Prom for parents, too: I actually have a great story from a parent’s perspective. Years ago, my daughter graduated from high school (actually école secondaire). She was a popular student so she invited many of her friends to come to our house for a quick pre-prom get together.
We provide a few amuse-gueules and took a few pictures. They were all so beautiful and handsome. Most parents drove their graduates here so we invited all of them to stick around. We knew most of them but also got to meet new ones. [After the kids left for their night,] we had some food nibbles left over and we got to meet many people that we sort of knew but got to know them better. We actually had a good time.

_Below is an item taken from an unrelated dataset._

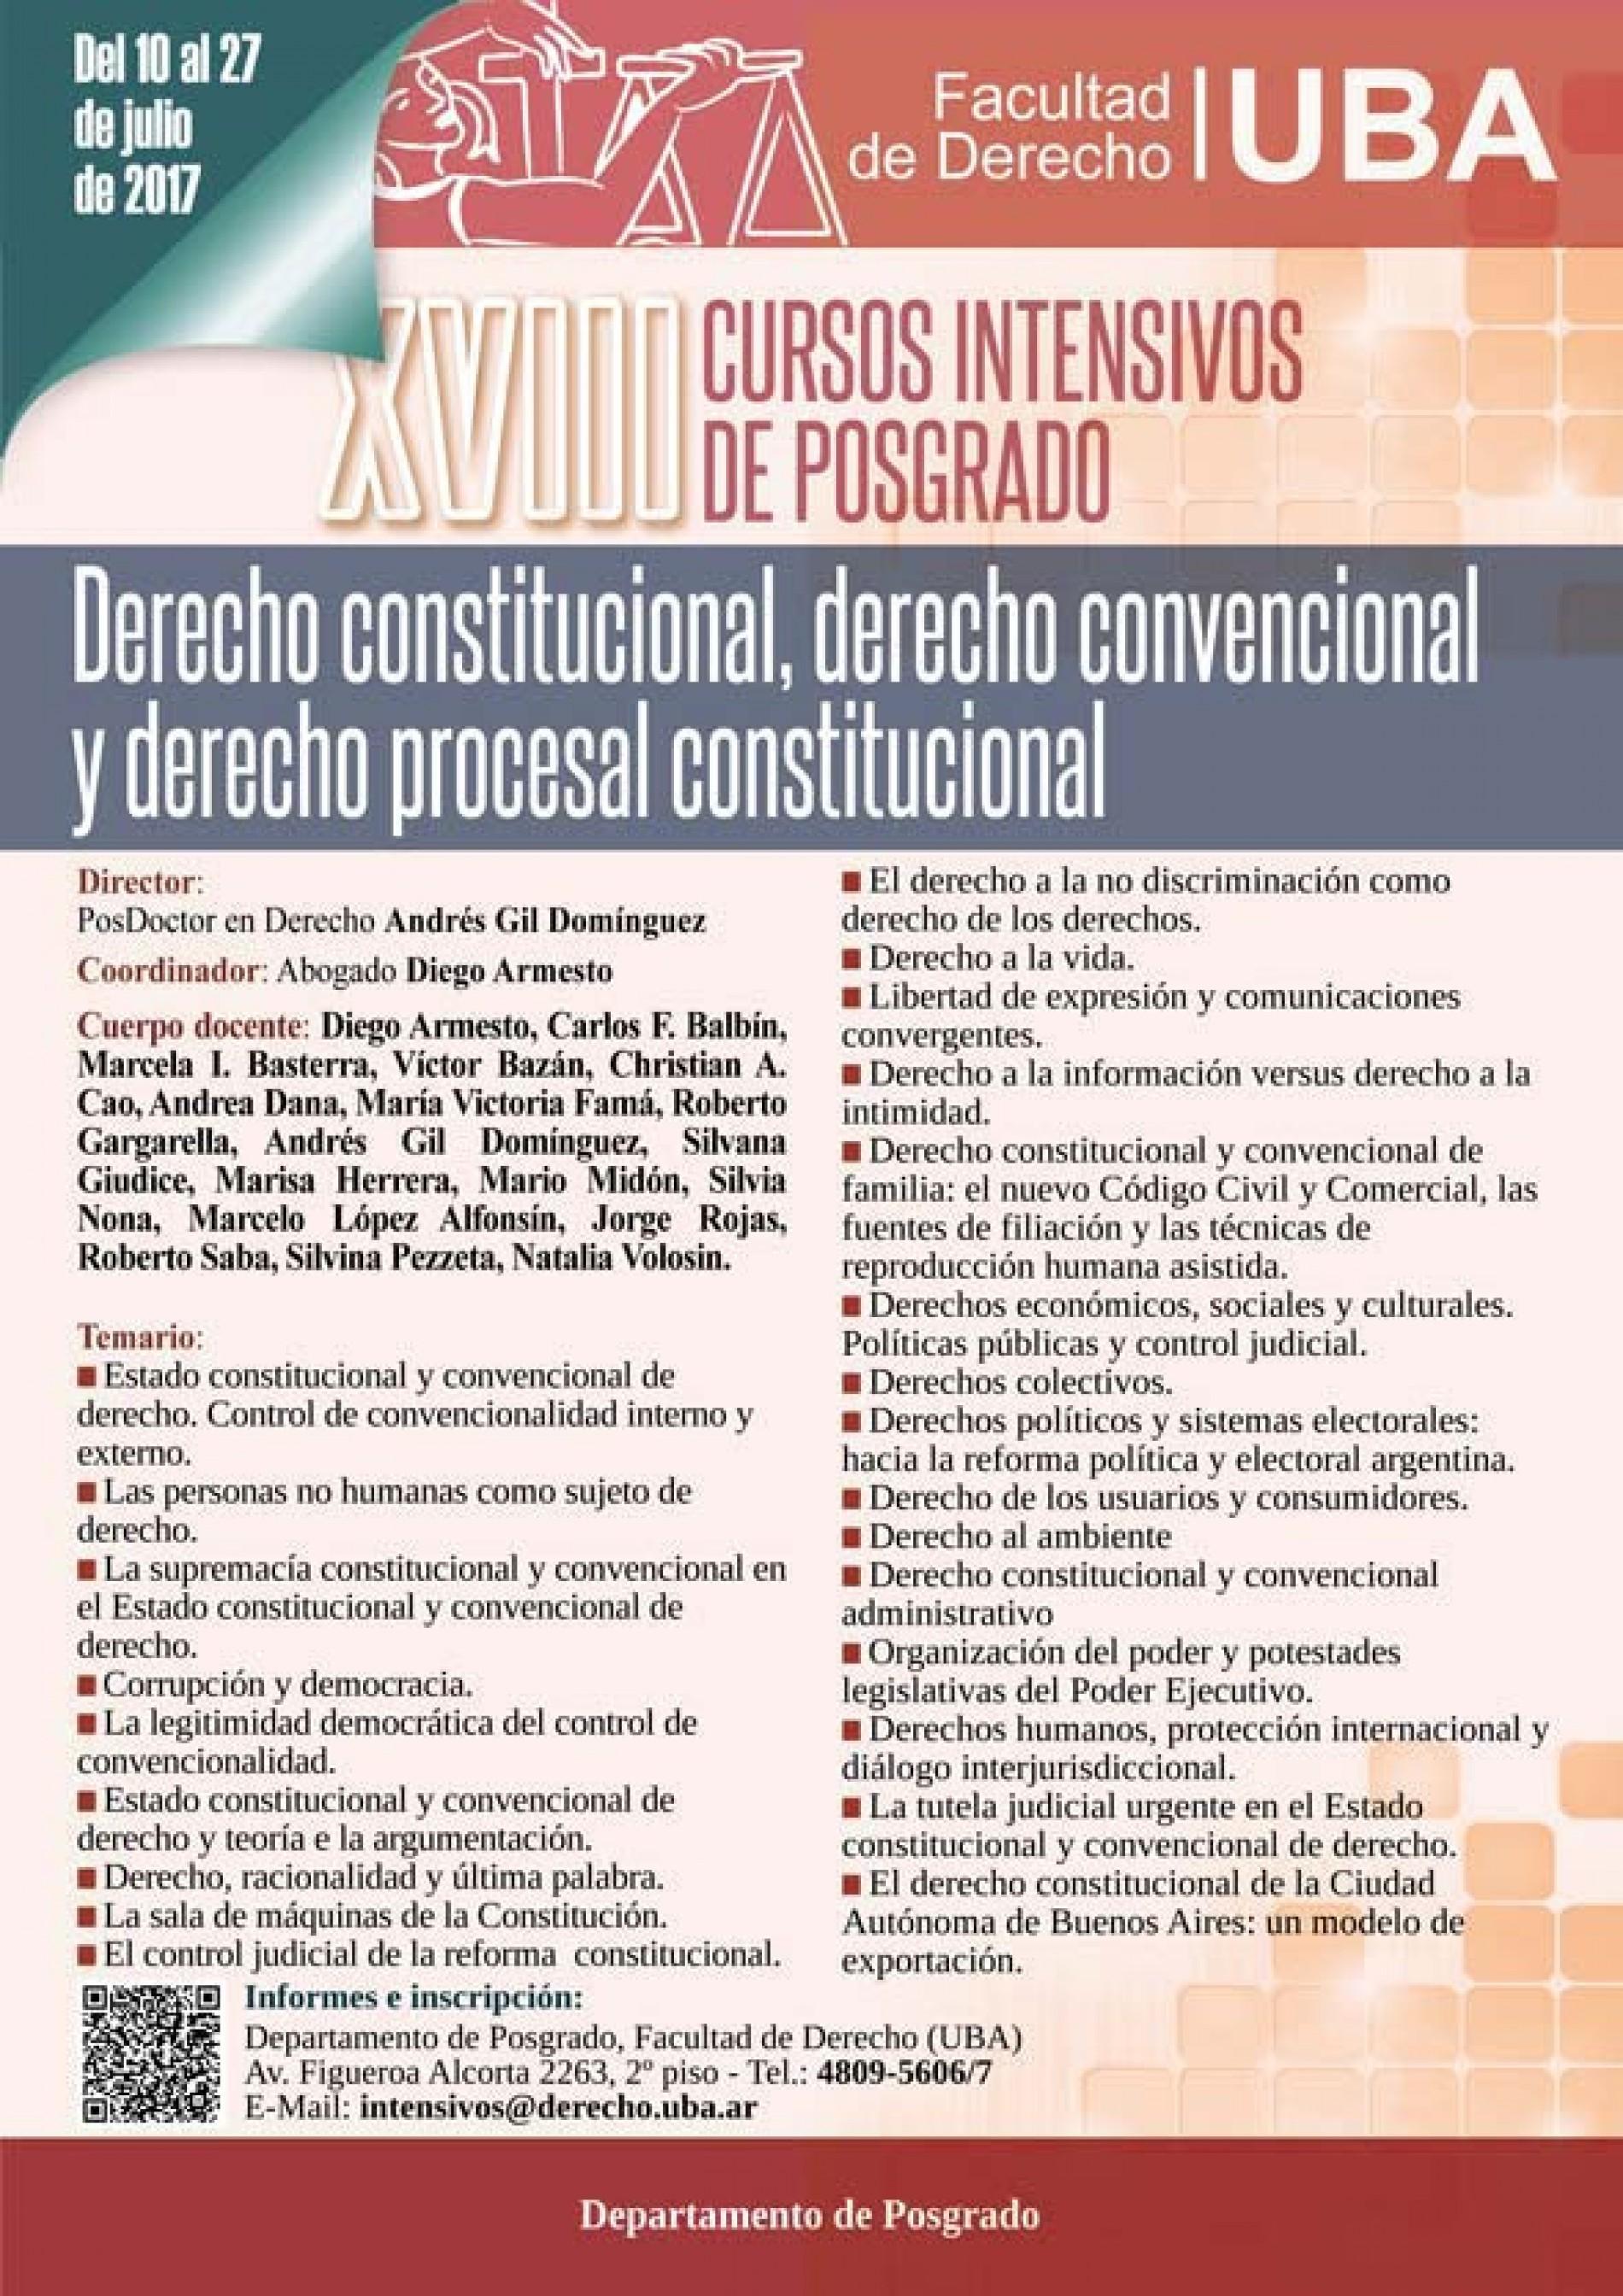 XVIII Cursos Intensivos de Posgrado: Derecho Constitucional, Derecho Convencional y Derecho Procesal Constitucional

Eventually, the kids all came back, high on the experience of graduating, and the party continued with them and their parents. Actually, the kids sort of kicked it up a notch. I can’t remember when we went to bed. It was a great evening. Every now and then, we meet some of those parents who are not close friends, but they keep reminding us of that that party. It’s called community. – Réjean Grenier, Subdbury, Ont.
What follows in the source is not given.